Task details:
All that is needed is the lines from the one containing "The chairs are" through the end of the listing, printed exactly, with no pictures among them.
--- Data to process ---
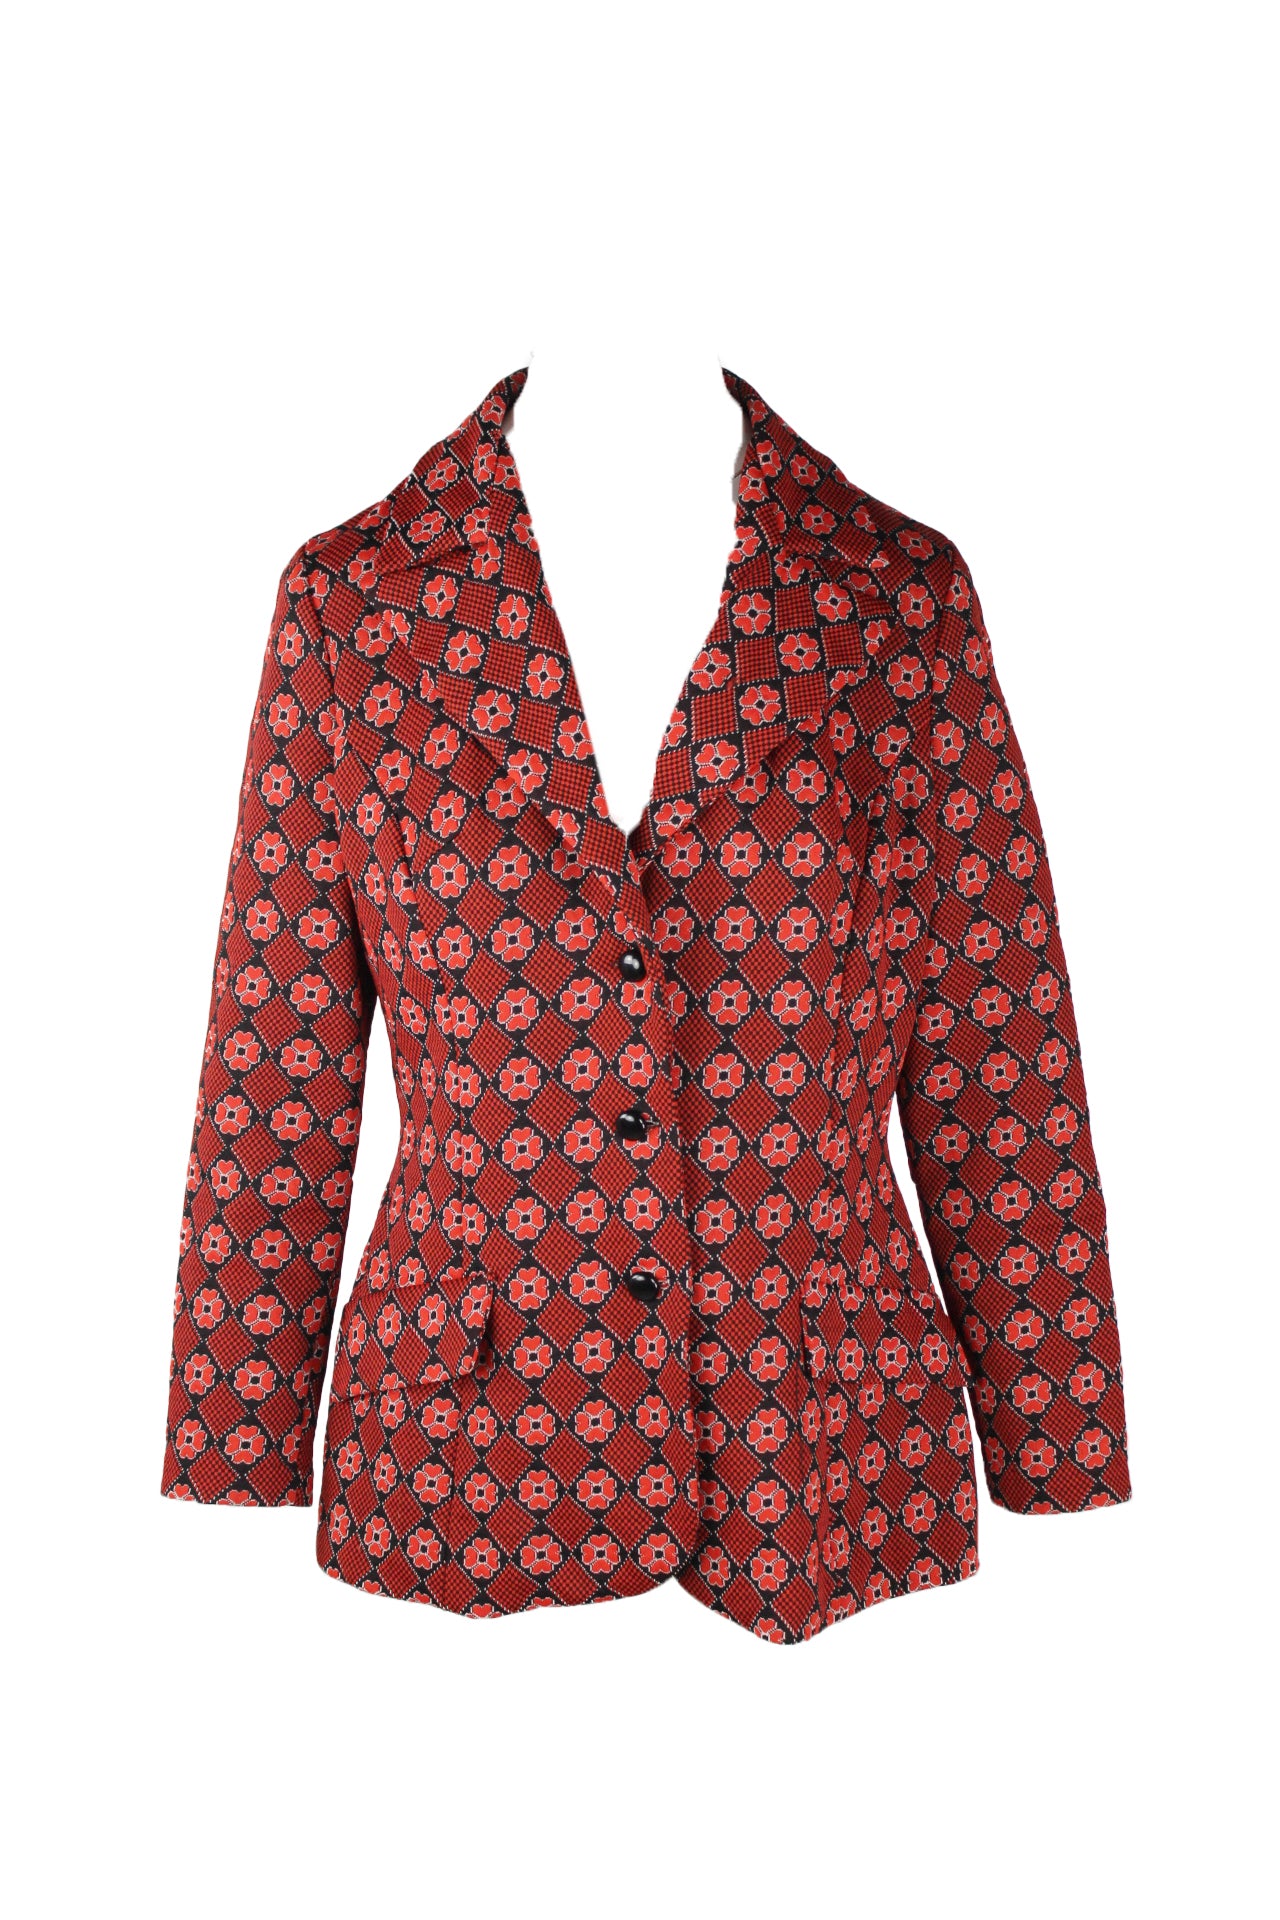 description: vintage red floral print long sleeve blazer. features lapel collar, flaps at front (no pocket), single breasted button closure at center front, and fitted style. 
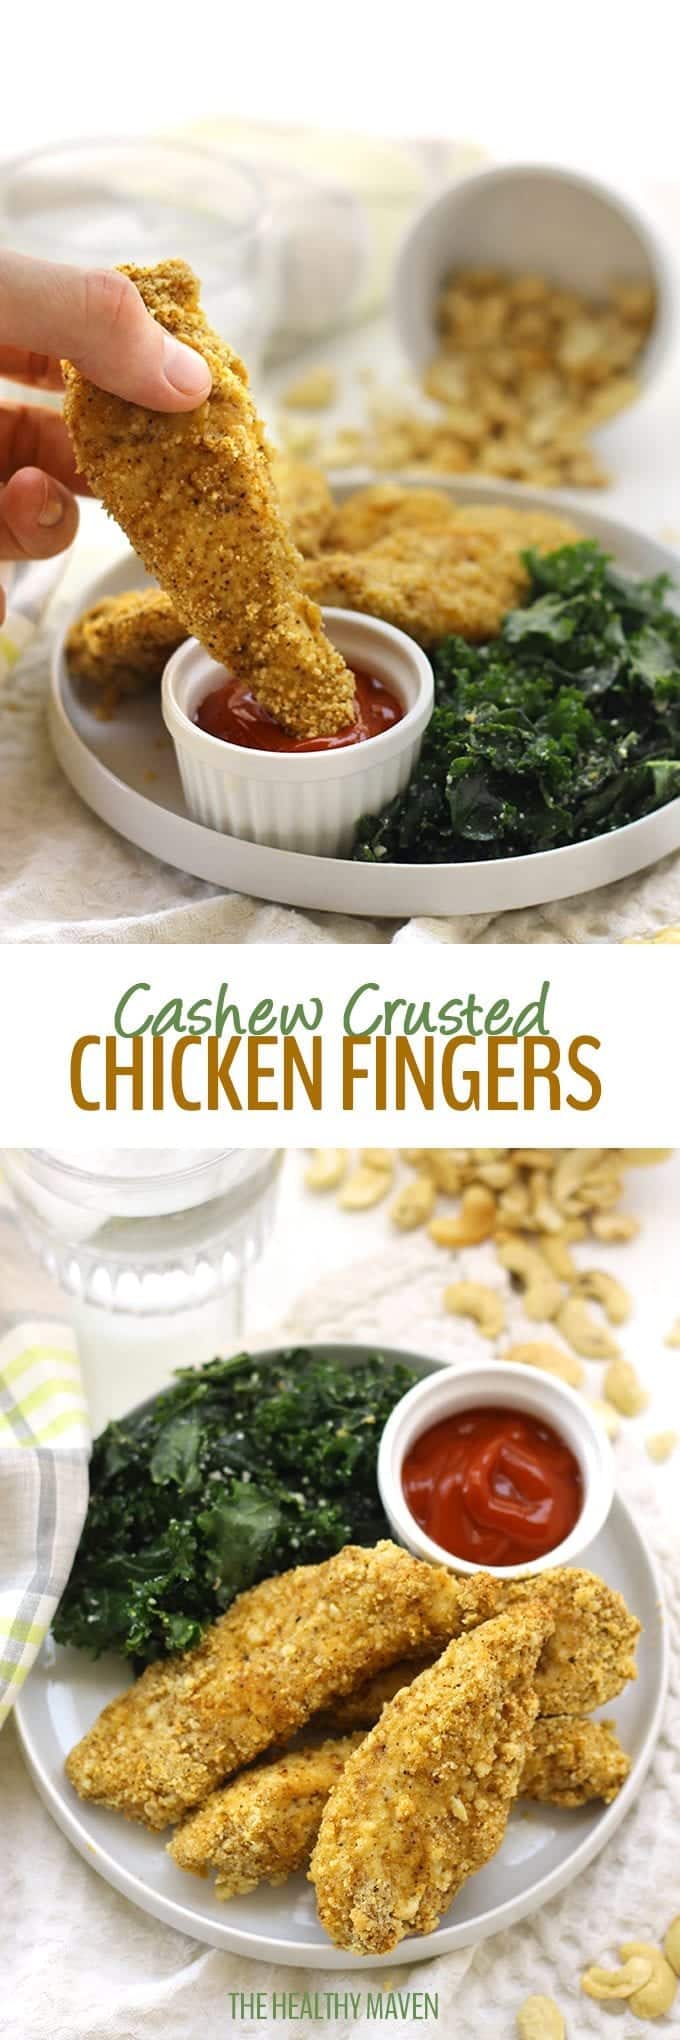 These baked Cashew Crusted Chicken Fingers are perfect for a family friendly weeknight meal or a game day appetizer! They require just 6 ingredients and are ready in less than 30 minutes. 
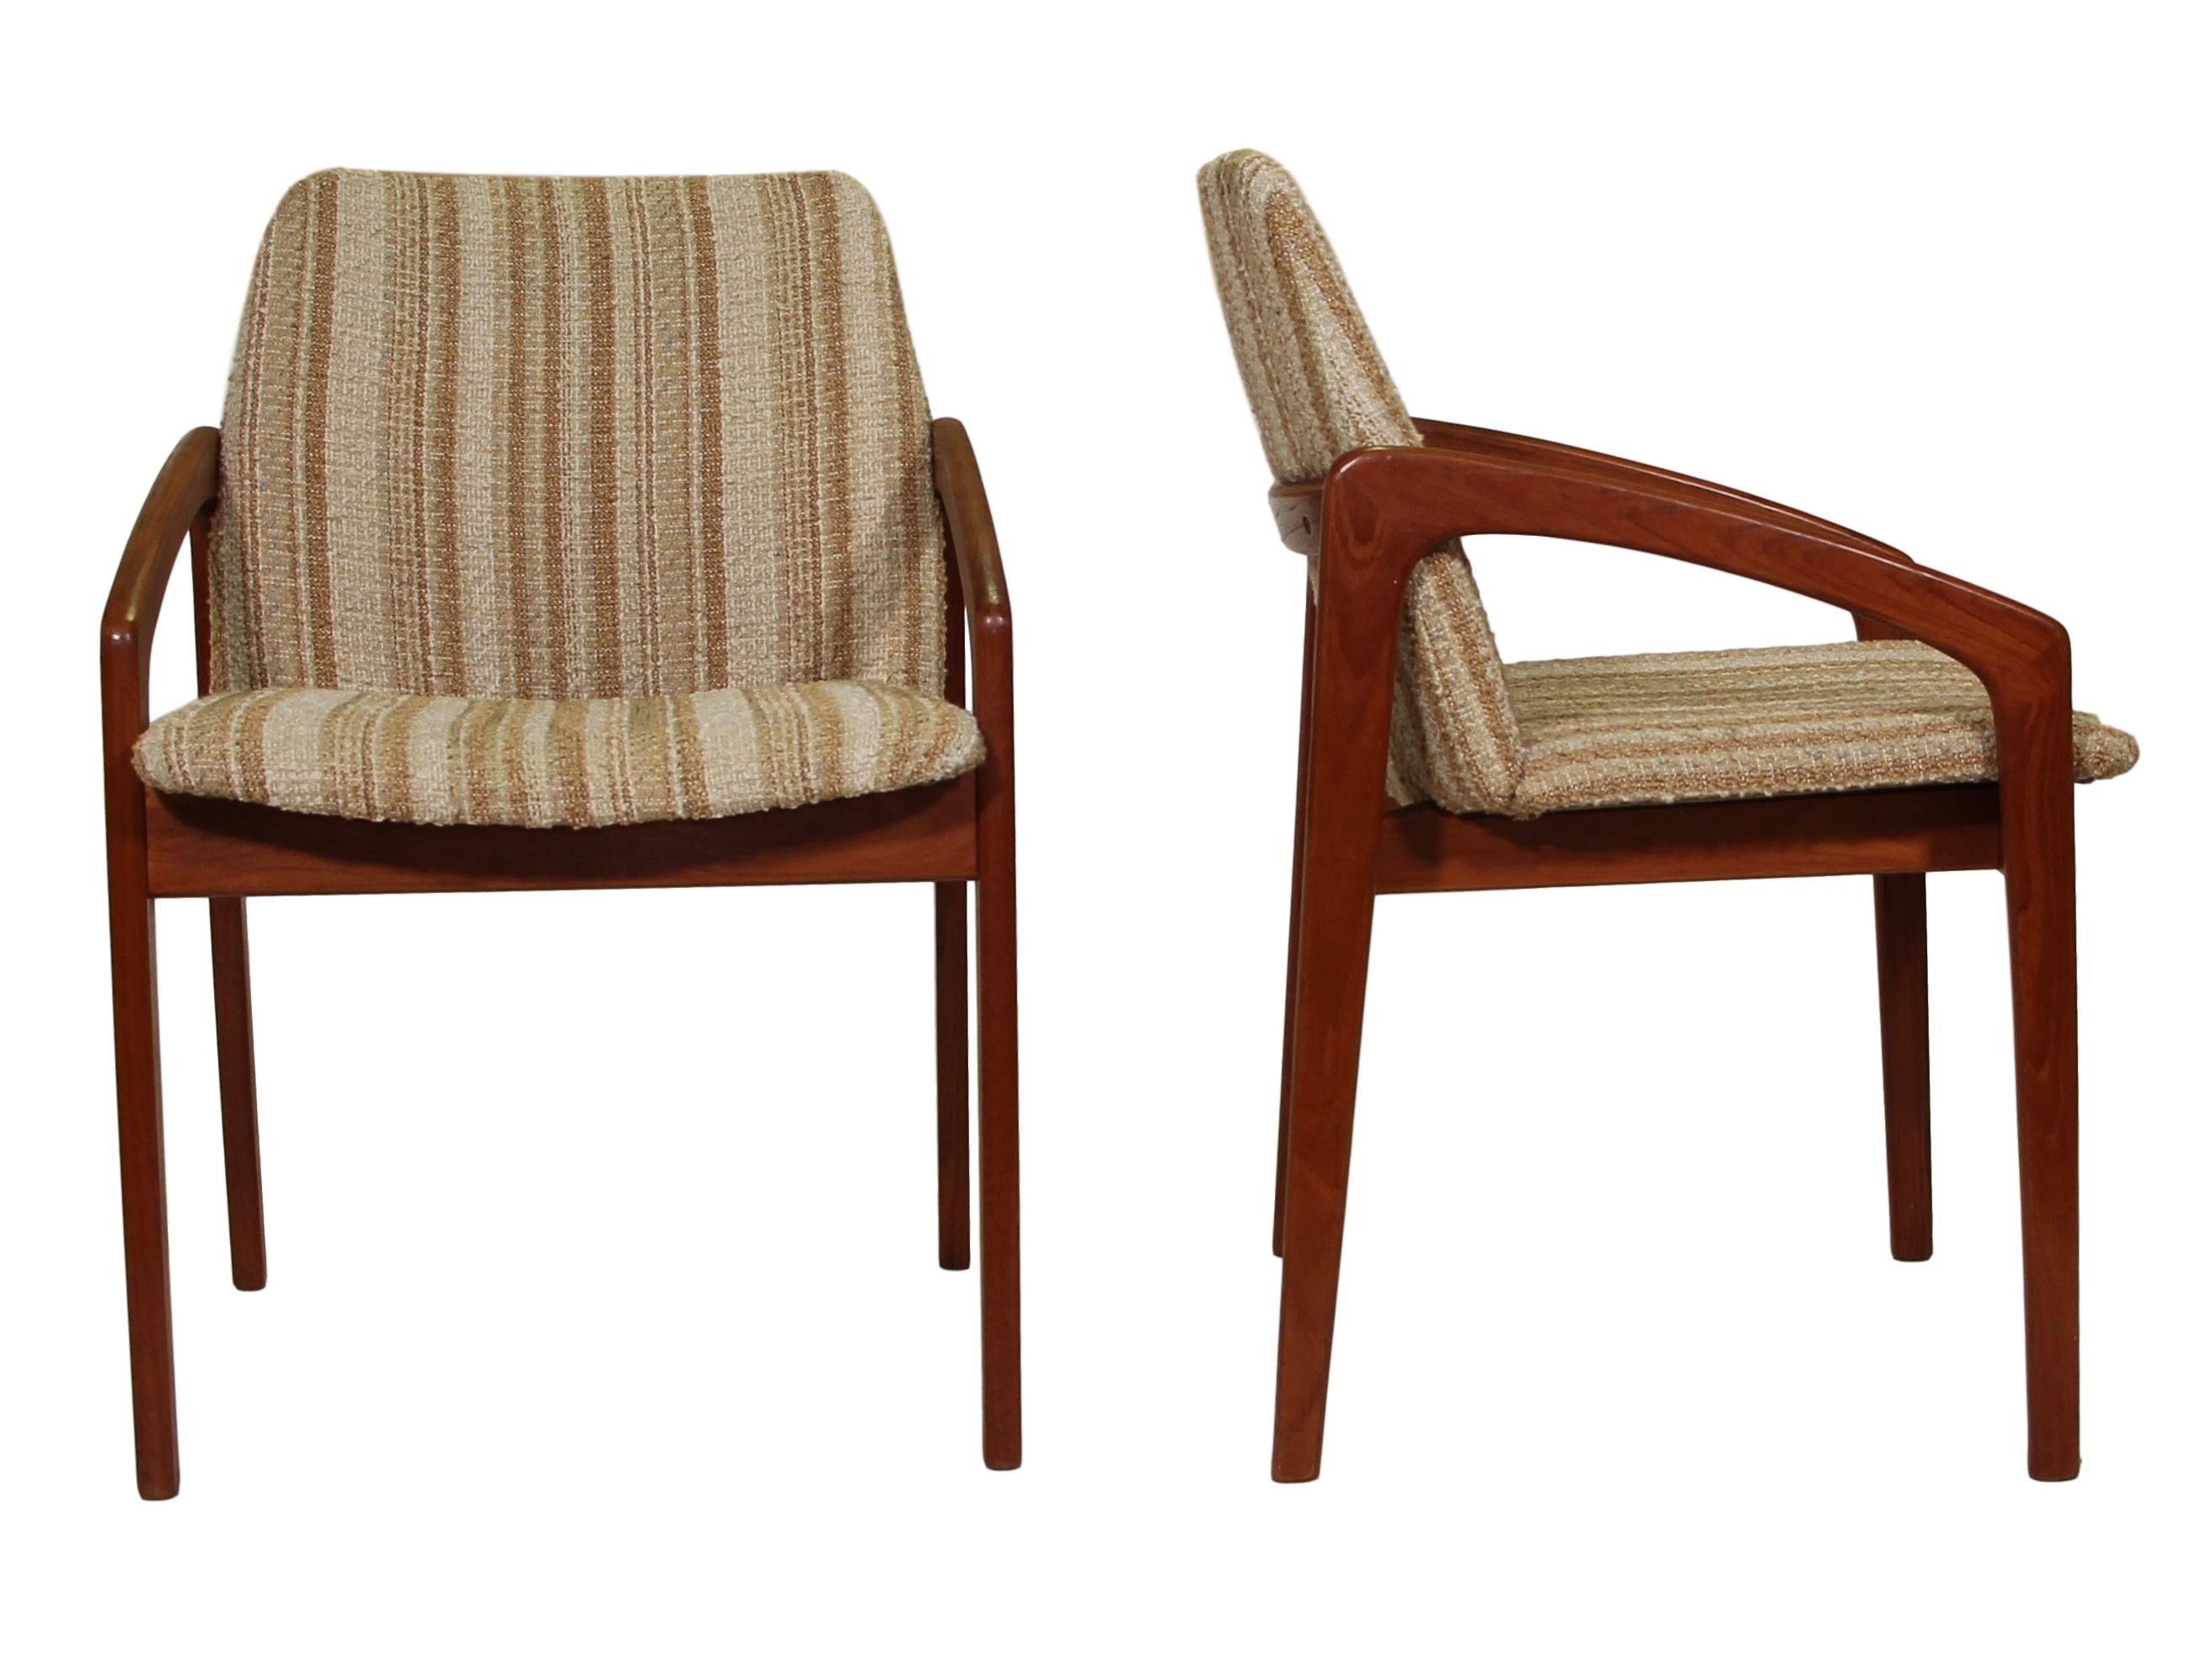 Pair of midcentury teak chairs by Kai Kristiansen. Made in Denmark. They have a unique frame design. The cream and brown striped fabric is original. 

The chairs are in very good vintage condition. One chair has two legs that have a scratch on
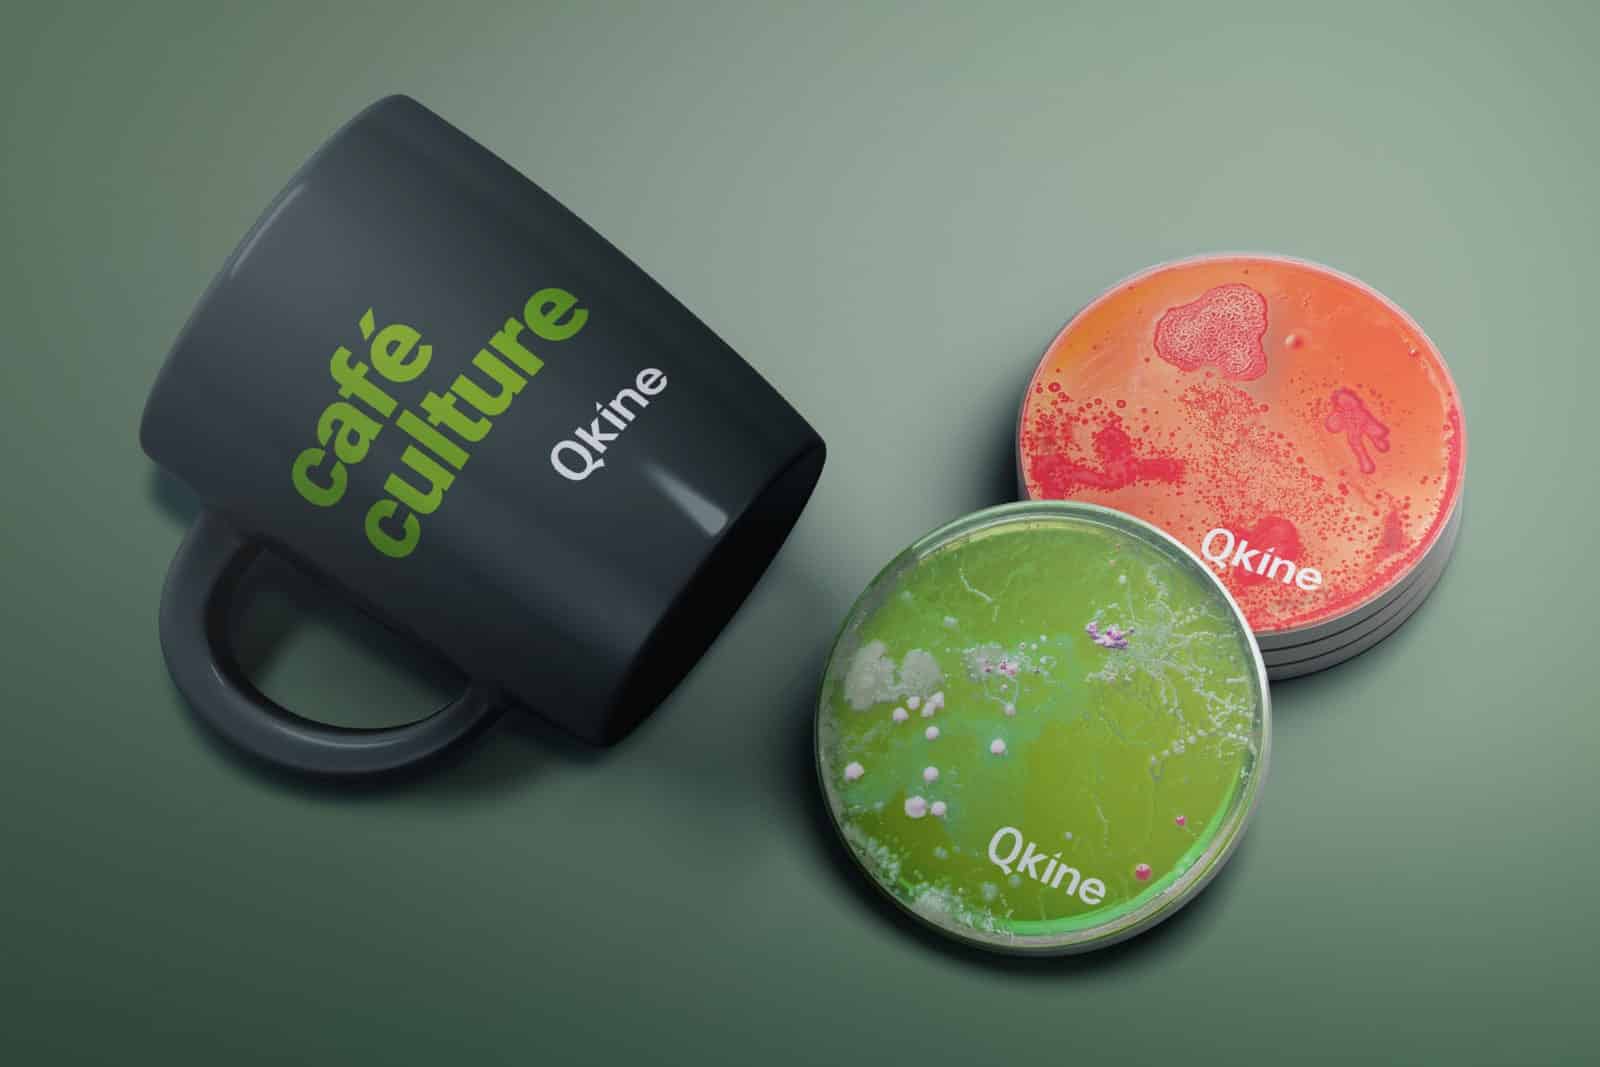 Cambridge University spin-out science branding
---
Completed exercise:
The chairs are in very good vintage condition. One chair has two legs that have a scratch on
 Cambridge University spin-out science branding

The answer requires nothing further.